На наш взгляд, критерием жизнеспособности семьи является социальное благополучие в условиях неопределенности. Таким образом, изучение положительных характеристик, социального окружения, в частности, потенциала семьи, позволяет нам охватить ее разнообразие. При этом операционализация понятия «жизнеспособность семьи» может происходить в периоды устойчивой траектории ее здорового функционирования на протяжении длительного времени.
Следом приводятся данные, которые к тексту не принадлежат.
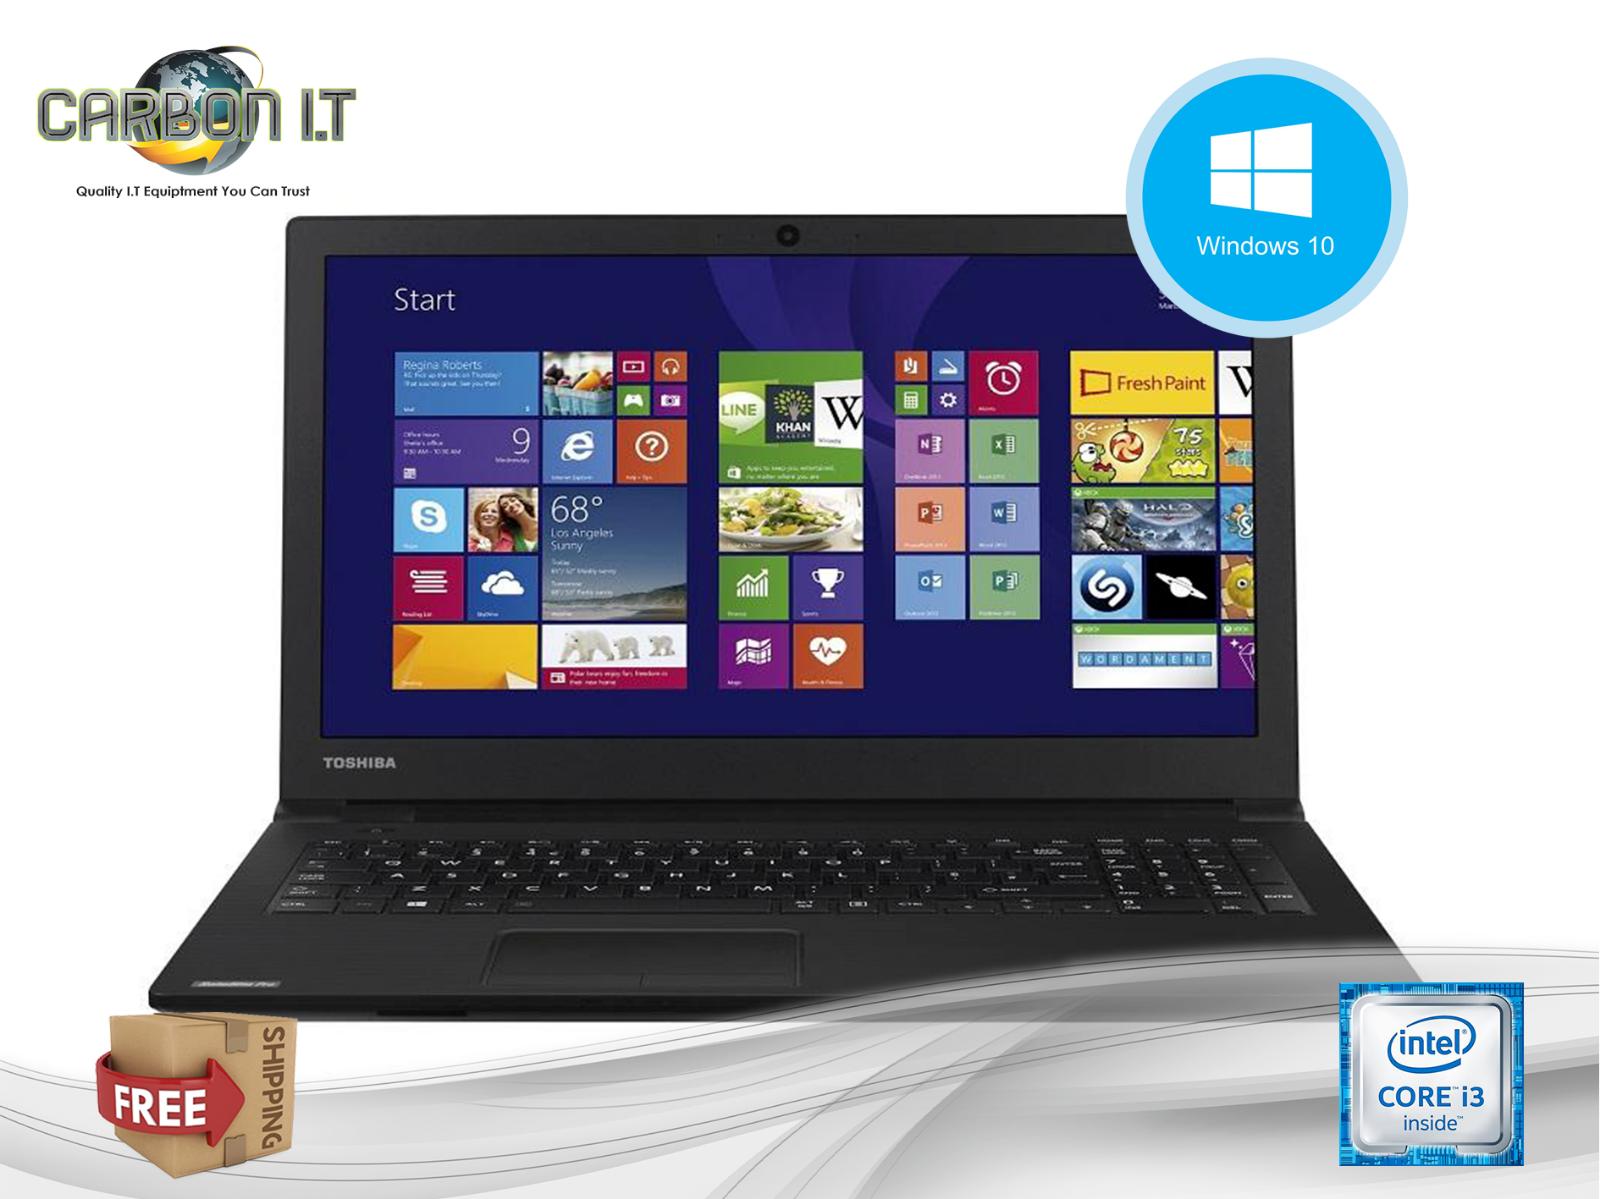 "Laptop Windows - Cheap Refurbished Windows 10 15.6"" Laptop Toshiba Satellite Pro R50 i3 4GB 500GB"

Интересна динамика количества исследований жизнеспособности в журналах, индексируемых в Web of Science. Цифры отражают «освоение» концепта «жизнеспособность» в психологии и педагогике – упоминание термина «жизнеспособность» в названии статьи/ключевых словах за почти 30 лет возросло в 120 раз: в 1993 г. – 60 статей, в 2013 г. – около 800, в 2020 г. – около 5600, 2022 г. – около 7200.
В России в журнале «Институт психологии Российской академии наук. Организационная психология и психология труда» в разделе «Проблемы адаптации, жизнеспособности и развития человека» постоянно публикуются статьи, посвященные изучению этой тематики в контексте социальной, возрастной и психологии труда [6].
В зарубежной психологии ситуация значительно лучше с публикациями результатов исследований в специализирующихся на тематике жизнеспособности журналах, прежде всего в социальных и гуманитарных науках. Их несколько и все они издаются в известных издательствах: «Adversity and Resilience Science», «Anthropocene Science. An International Journal for Addressing Human Impact on the Resilience of the Planet Earth» (Springer); «Resilience: International Policies, Practices and Discourses» (Taylor & Francis); «Climate Resilience and Sustainability» (Wiley); «Journal of Infrastructure Intelligence and Resilience и Resilient Cities and Structures» (Elsevier).
Современные исследования жизнеспособности семьи в России осуществляются в нескольких направлениях: изучаются семьи с детьми с особыми потребностями, старшим поколением семьи; семьи военнослужащих, мигрантов, замещающие семьи. Наиболее важными для расширения предметного поля исследований жизнеспособности семьи являются работы, в которых этот феномен анализируется как системное образование.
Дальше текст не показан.